As before, we consider the equation
$$\frac{\sigma(x)}{x} = \frac{p+2}{p}$$
where $p$ is an odd prime.
We consider several cases. (Note that the list of cases presented here is not exhaustive.)
Case 1: $3 \mid x$
Since
$$\frac{\sigma(x)}{x} = \frac{p+2}{p}$$
implies that $x$ is an odd square, and since $3 \mid x$, it follows that $9 = 3^2 \mid x$, so that
$$\frac{13}{9} = \frac{1 + 3 + 9}{9} = \frac{\sigma(3^2)}{3^2} \leq \frac{\sigma(x)}{x} = \frac{p+2}{p}$$
from which we obtain
$$13p \leq 9(p + 2)$$
$$4p \leq 18$$
$$p \leq \frac{9}{2}.$$
Since $p$ is an odd prime, it follows that $p = 3$. (Since $p = 3$ also implies that $3 \mid x$, this means that we know that the biconditional
$$\bigg(3 \mid x\bigg) \Longleftrightarrow \bigg(p = 3\bigg)$$
must hold.)
Case 2: $5 \mid x$
Similar to the proof for Case 1, we get
$$\frac{31}{25} = \frac{1 + 5 + 25}{25} = \frac{\sigma(5^2)}{5^2} \leq \frac{\sigma(x)}{x} = \frac{p+2}{p}$$
from which we have
$$31p \leq 25(p + 2)$$
$$6p \leq 50$$
$$p \leq \frac{25}{3}.$$
Since $p$ is an odd prime, it follows that either $p = 3$, $p = 5$, or $p = 7$.
Case 3: $p \mid x$
Note that this case holds in general (since $\gcd(p, p+2)=1$ follows from $p$ is an odd prime).
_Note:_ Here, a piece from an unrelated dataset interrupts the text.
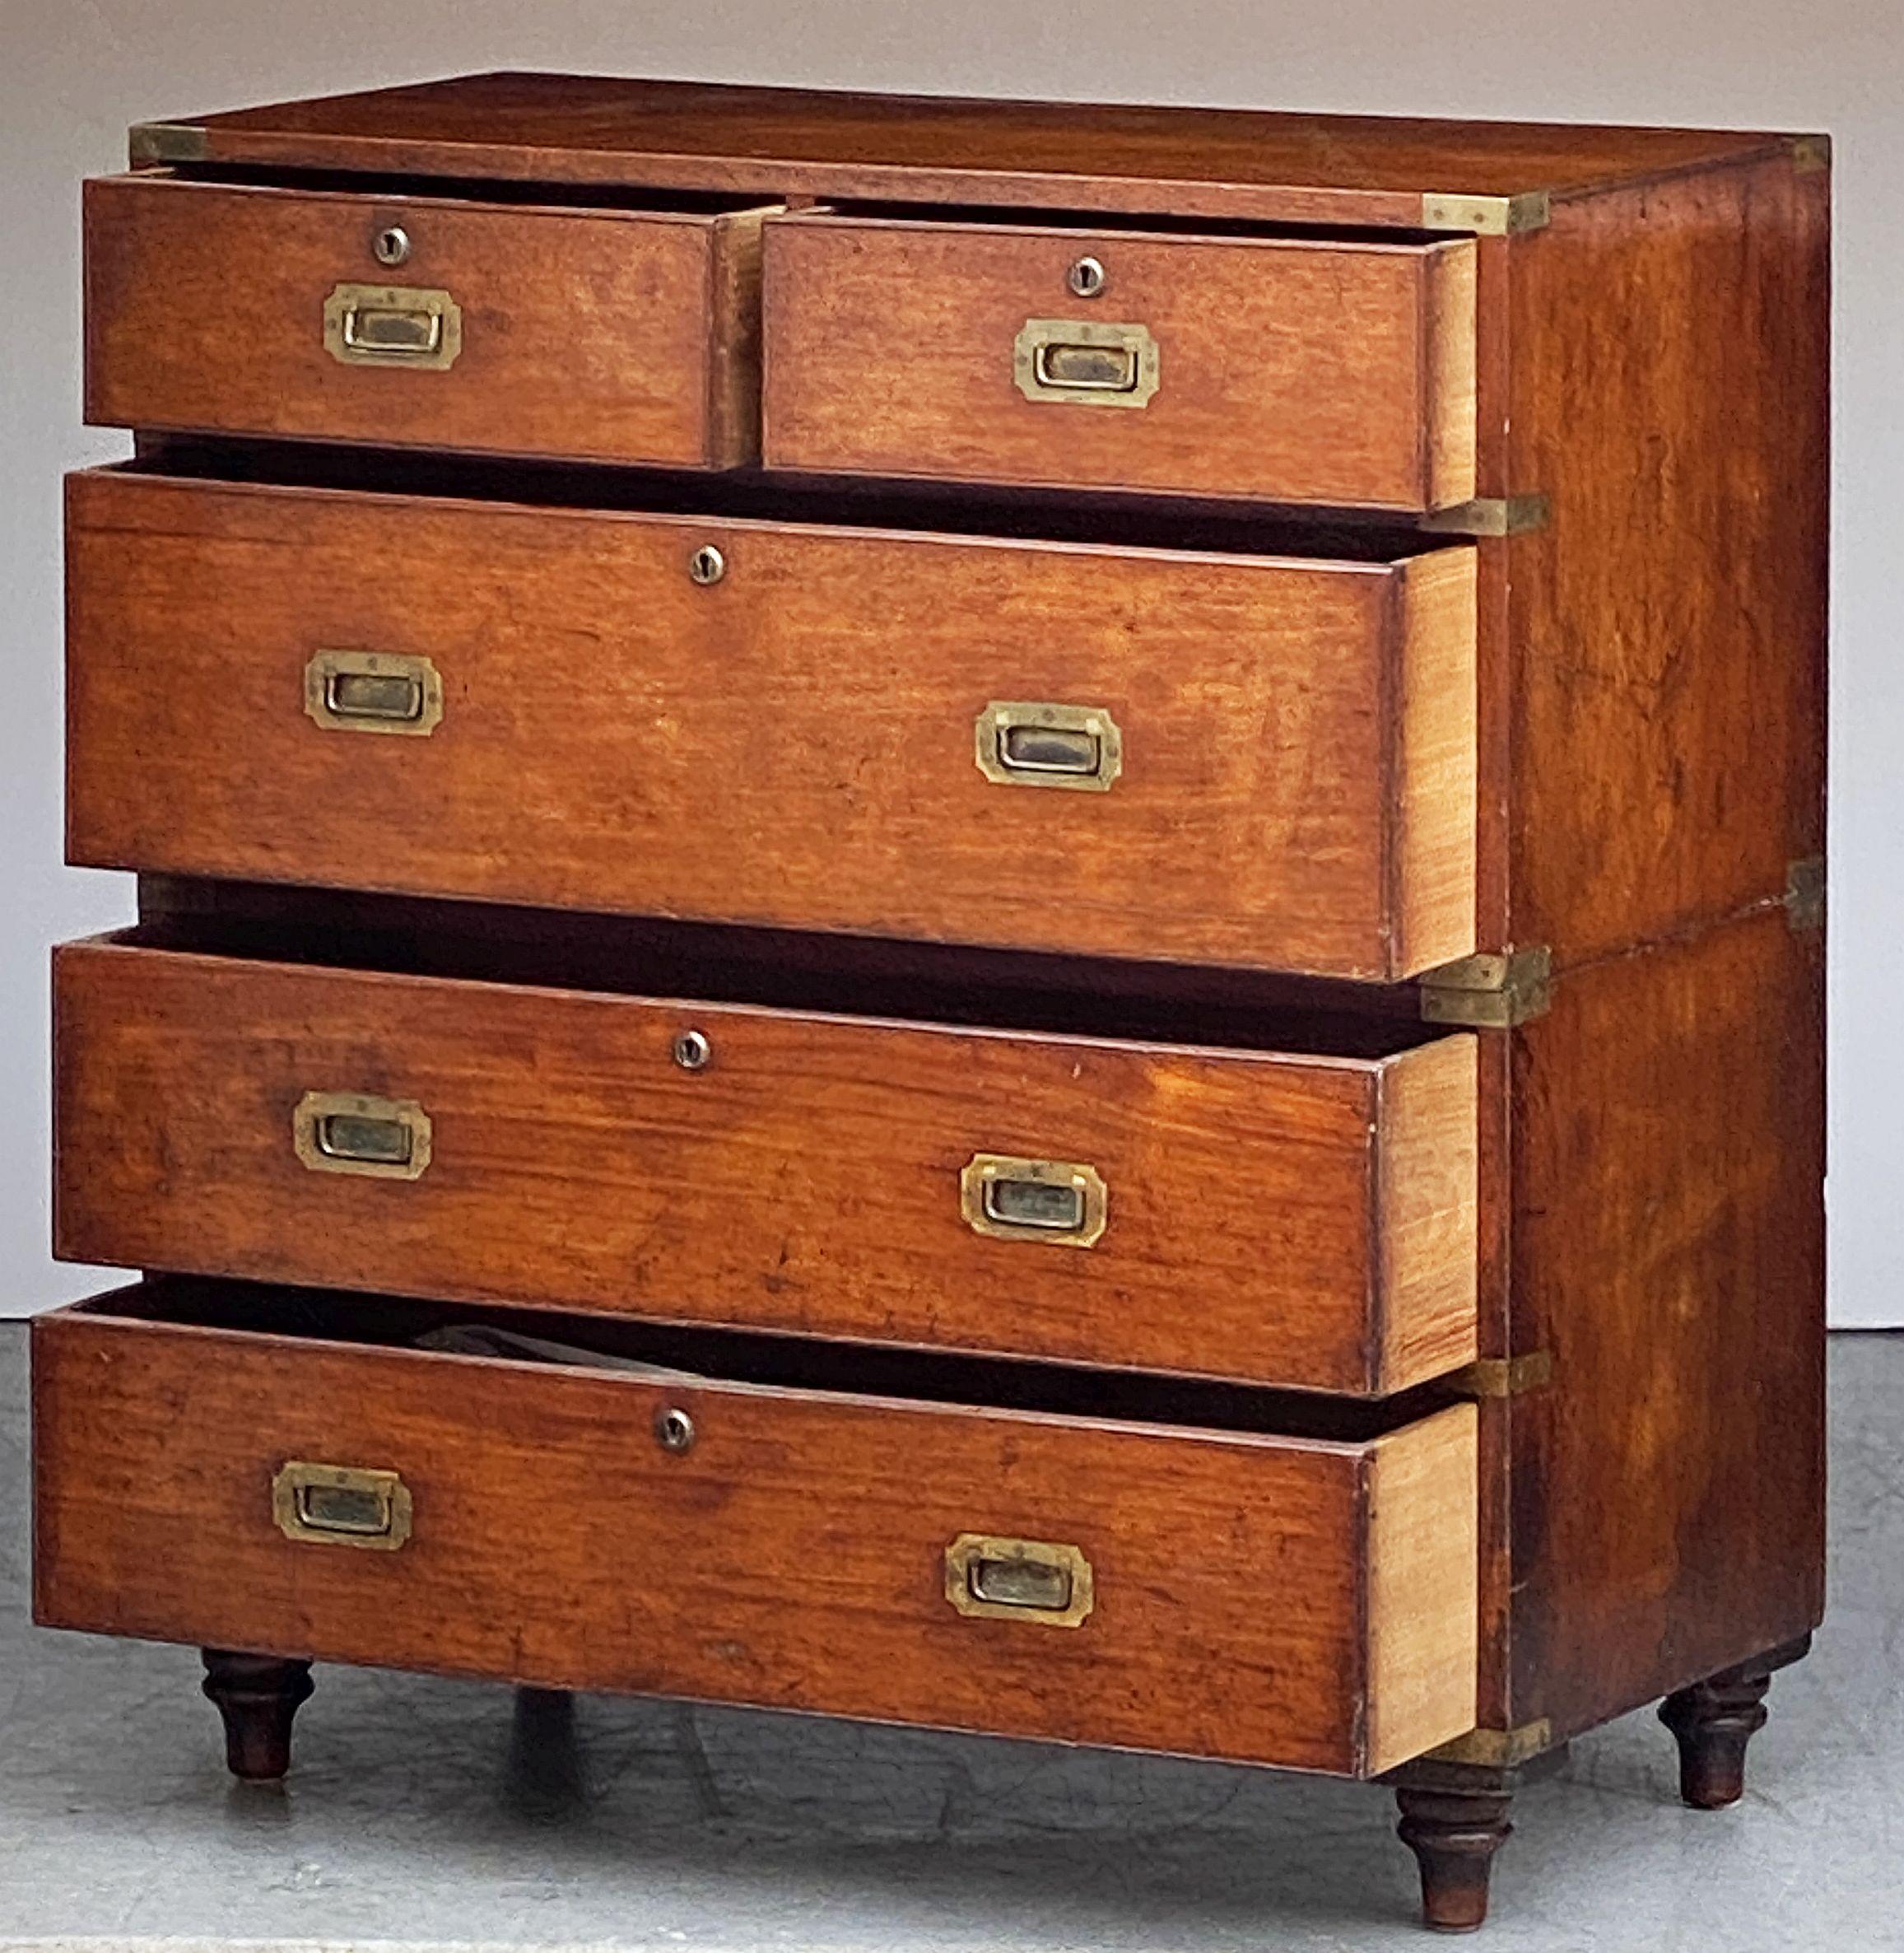 British Military Officer's Campaign Chest or Dresser of Brass-Bound Mahogany For Sale 5
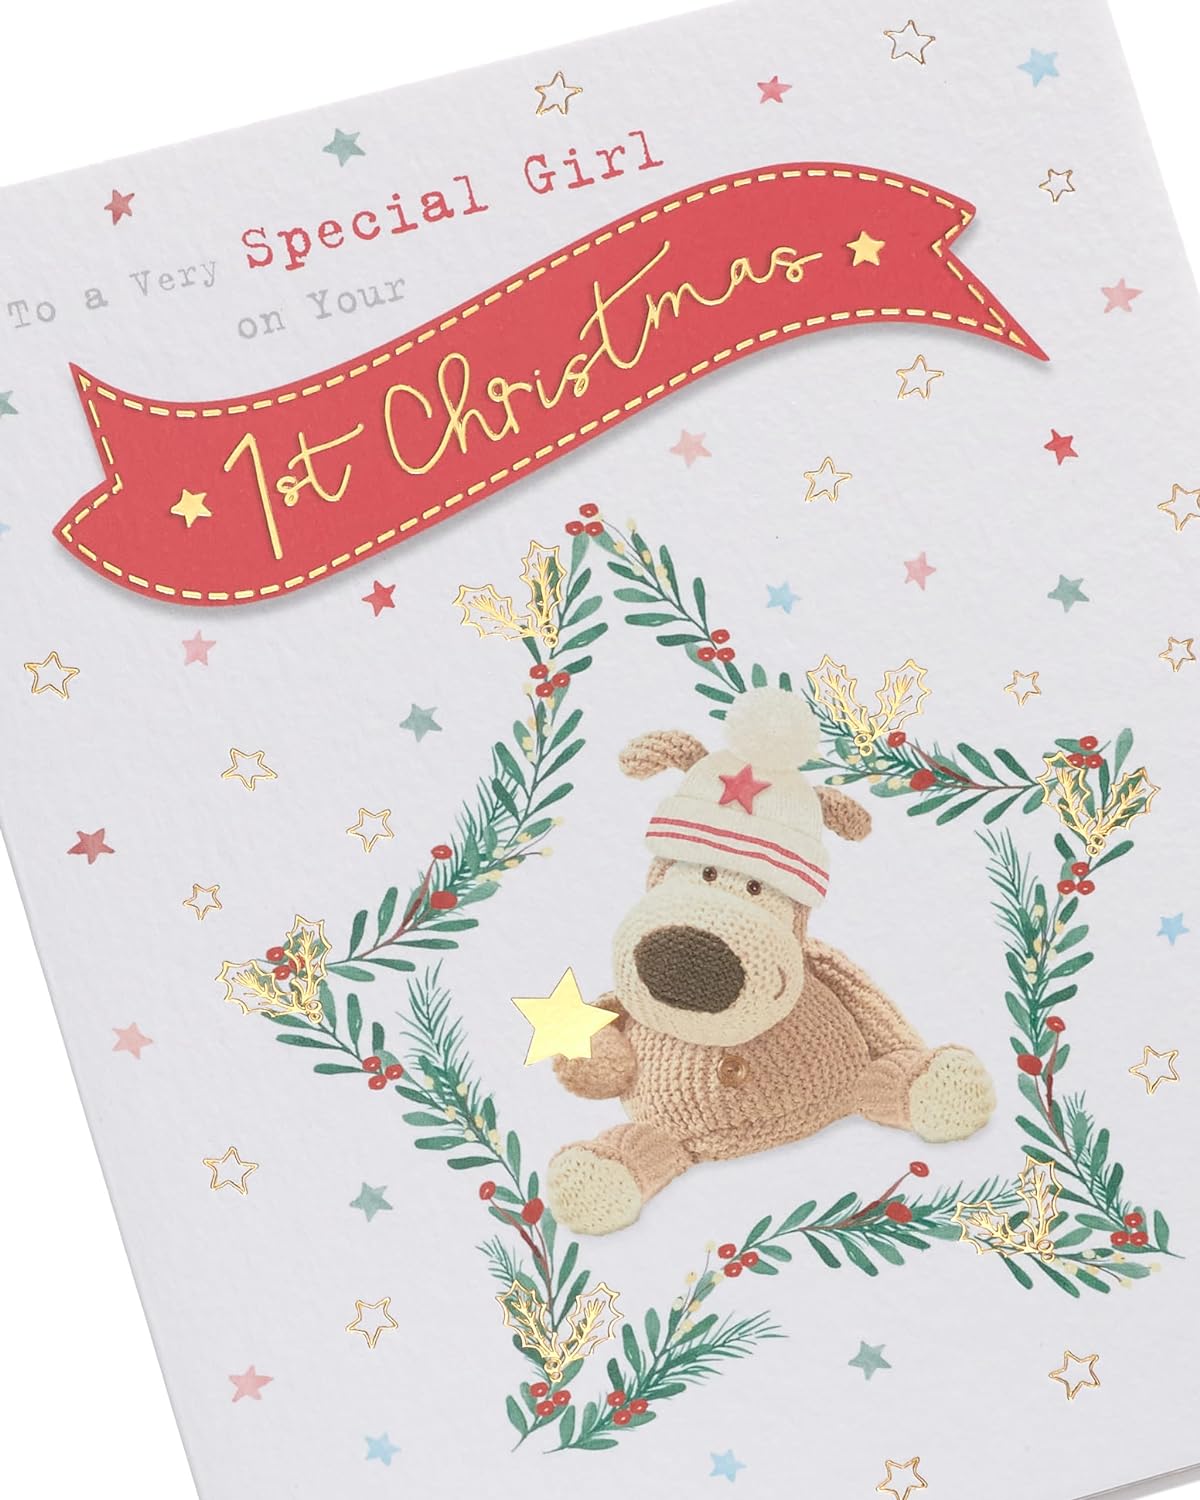 Very Special Girl On Your 1st Christmas Card Cute Boofle

As in Case 1, it follows that
$$\frac{1 + p + p^2}{p^2} = \frac{\sigma(p^2)}{p^2} \leq \frac{\sigma(x)}{x} = \frac{p+2}{p}$$
from which we obtain
$$\frac{1}{p^2} + \frac{1 + p}{p} \leq \frac{2 + p}{p}.$$
This last inequality implies that
$$\frac{1}{p^2} \leq \frac{1}{p}$$
from which we get
$$p \leq p^2$$
whence there is no contradiction.